Still, at the end of the day, it's a model. And if a grandchild gets hold of one of these, my first reaction won't be to scream!

  • Member since
    May, 2016
Posted by Raulduke on Thursday, November 03, 2016 1:26 PM
I have several of those things in my stash,and that is where they will stay. Way too tiny for me
  • Member since
    June, 2014
  • From: New Braunfels , Texas
Posted by Tanker - Builder on Sunday, November 06, 2016 5:26 AM

Hi John ;

  I forgot to give some information to folks doing these .Get a pair of very small art or surgical scissors to cut the parts of the sprues .Use a fine triangular file for smoothing and use Stamp tweezers to fold the tabs .

    You have to understand one thing , although I never thought I would admit it . I am driven since childhood to explore new realms of crafting . Being that my first models were built from twigs .

 We started out as Farmers and Fishermen .There was no time for store-bought toys . In my beloved Granma's words . "Them store - bought toys are too dear and they don't look well made either !"
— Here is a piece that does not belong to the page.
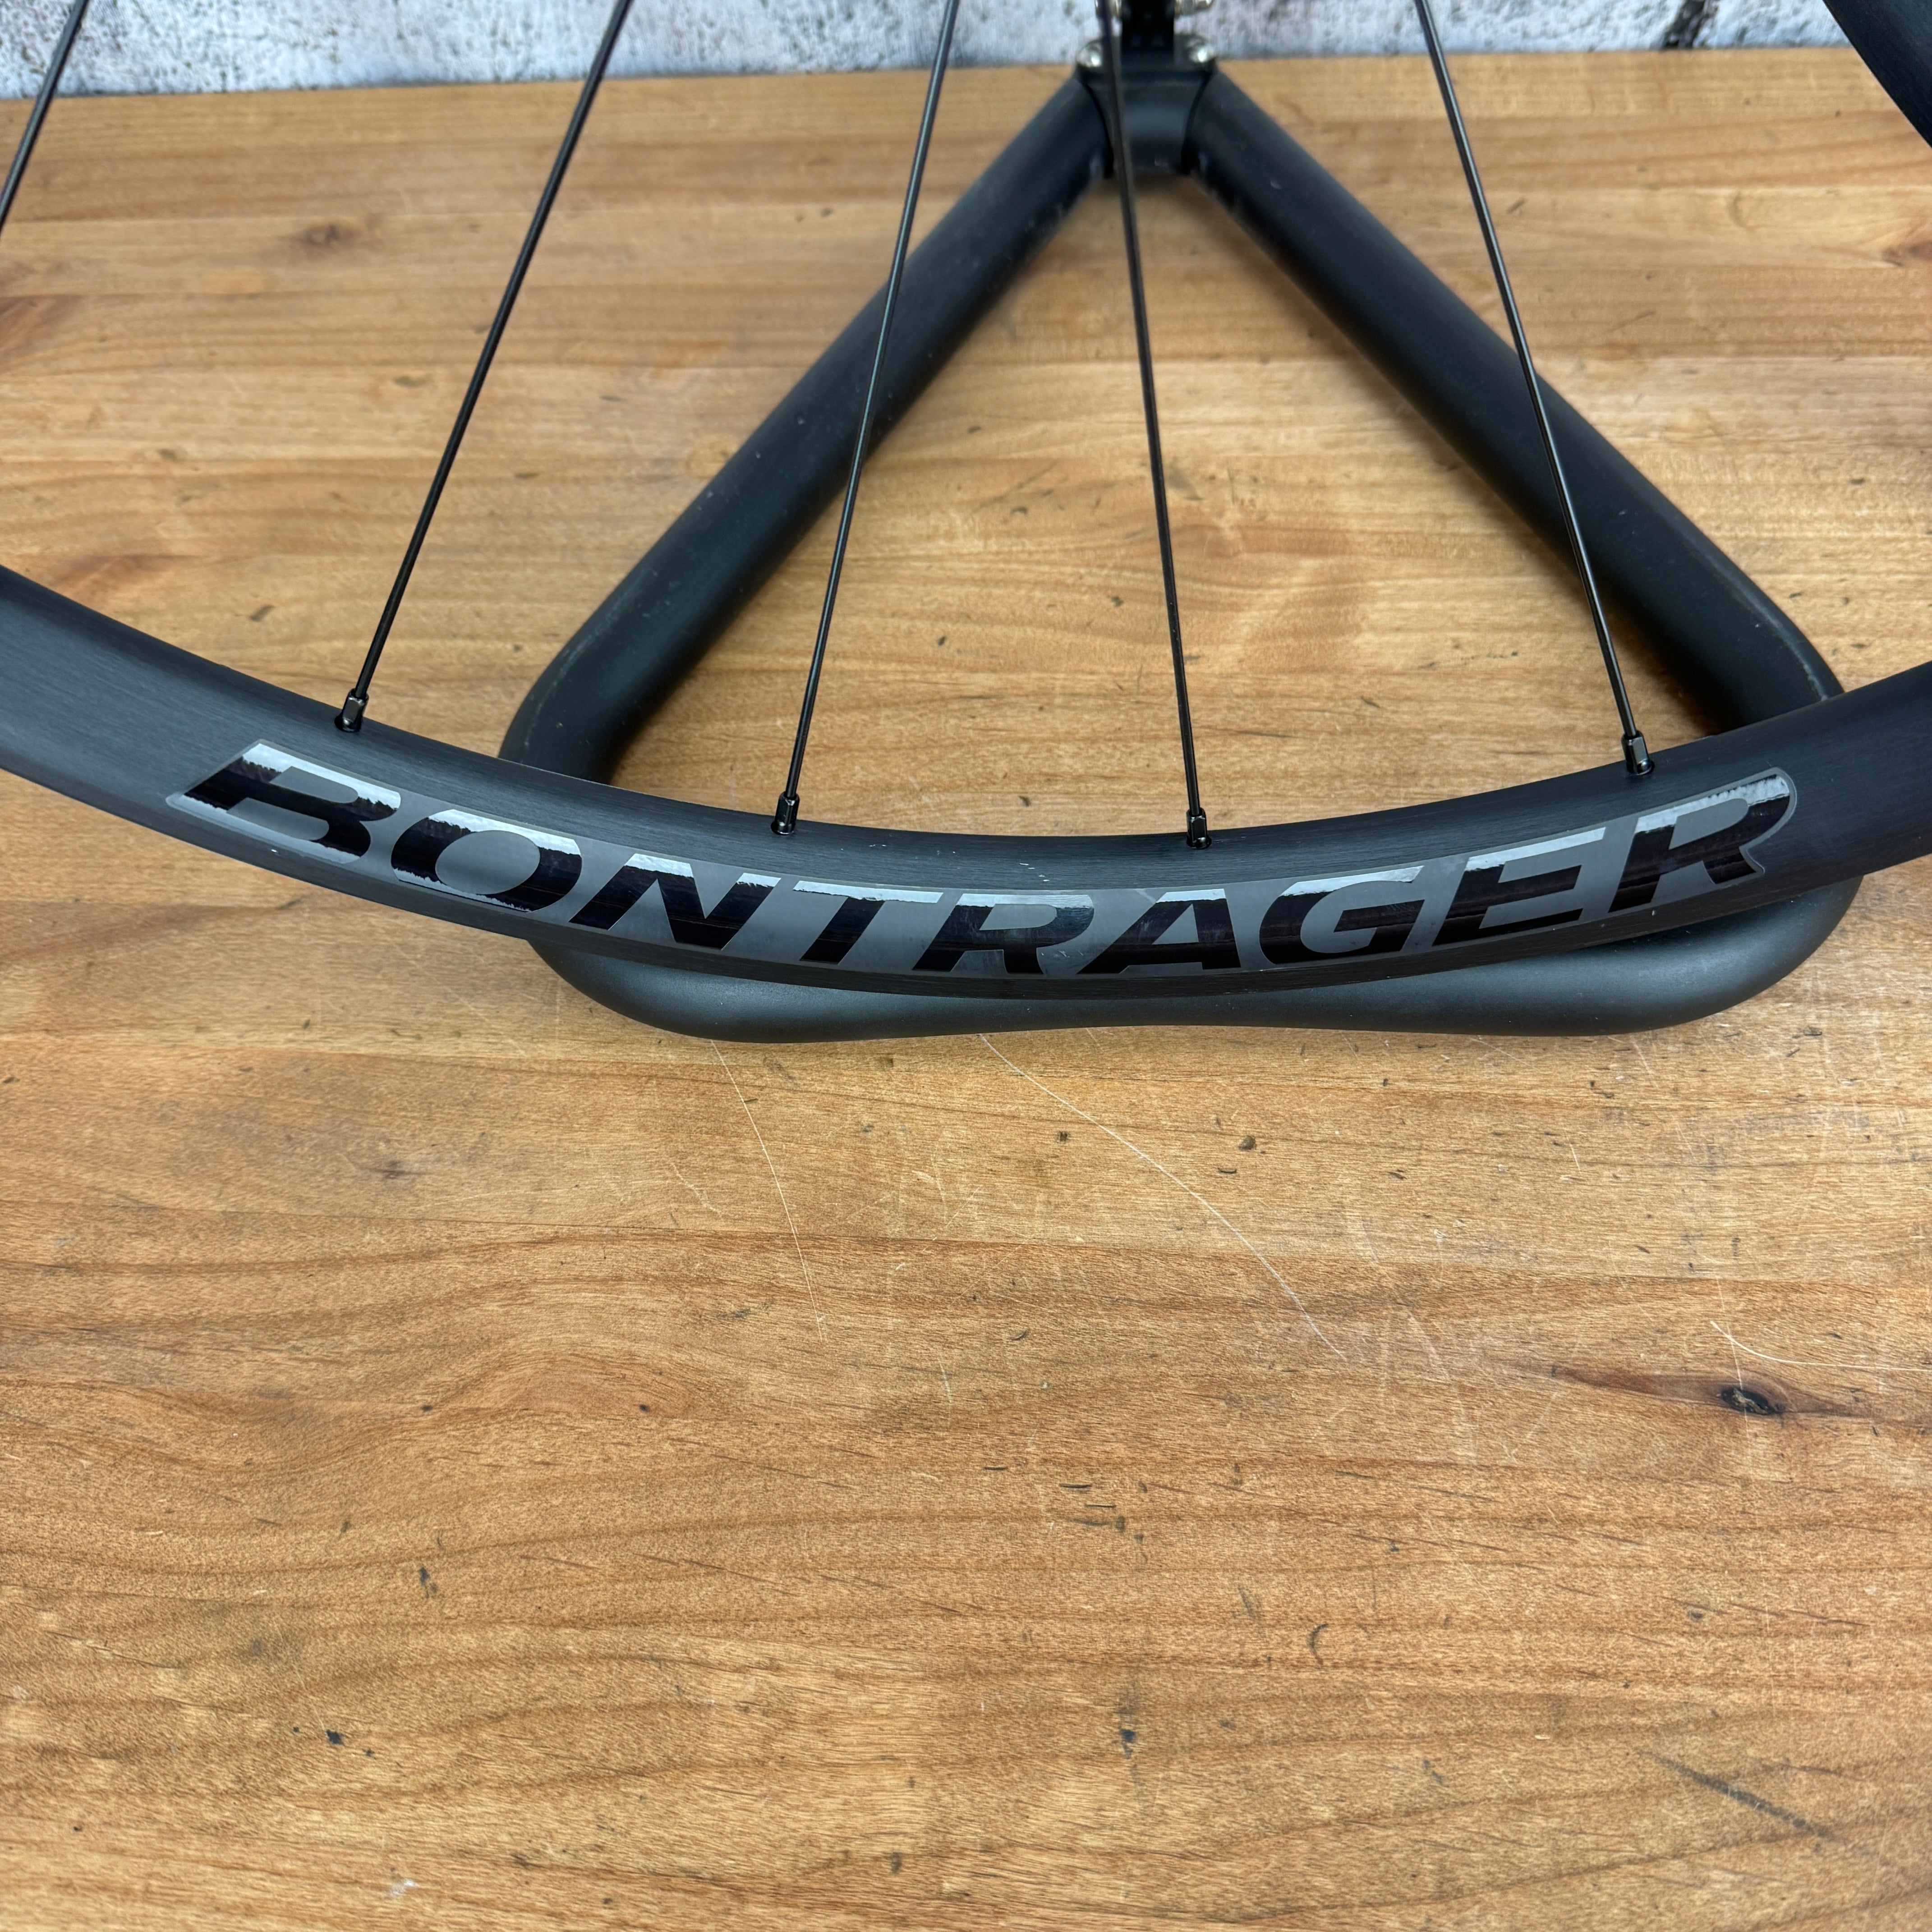 New Takeoff! Bontrager Paradigm Comp 25 TLR Alloy Tubeless Disc

    For those of you who are under 35 " Dear " is an old , old term meaning " Expensive ." Even if that expense was a dime or a dollar !

  • Member since
    November, 2003
  • From: State of Mississippi. State motto: Virtute et armis (By valor and arms)
Posted by mississippivol on Sunday, November 06, 2016 9:03 AM
Saw those in a local store with a sign stating that it would be a good idea to include one in an "Operation Christmas Child" shoe box. I could only imagine the reaction once they try to start one...
  • Member since
    June, 2014
  • From: New Braunfels , Texas
Posted by Tanker - Builder on Monday, November 07, 2016 8:33 AM

Operation Christmas Child ?

 I don't think so . These things are not really difficult but definitely not for Children under a certain age . My neighbor's boy was given one , "Himeji Castle ". He did a passably good job , he is thirteen .     T.B.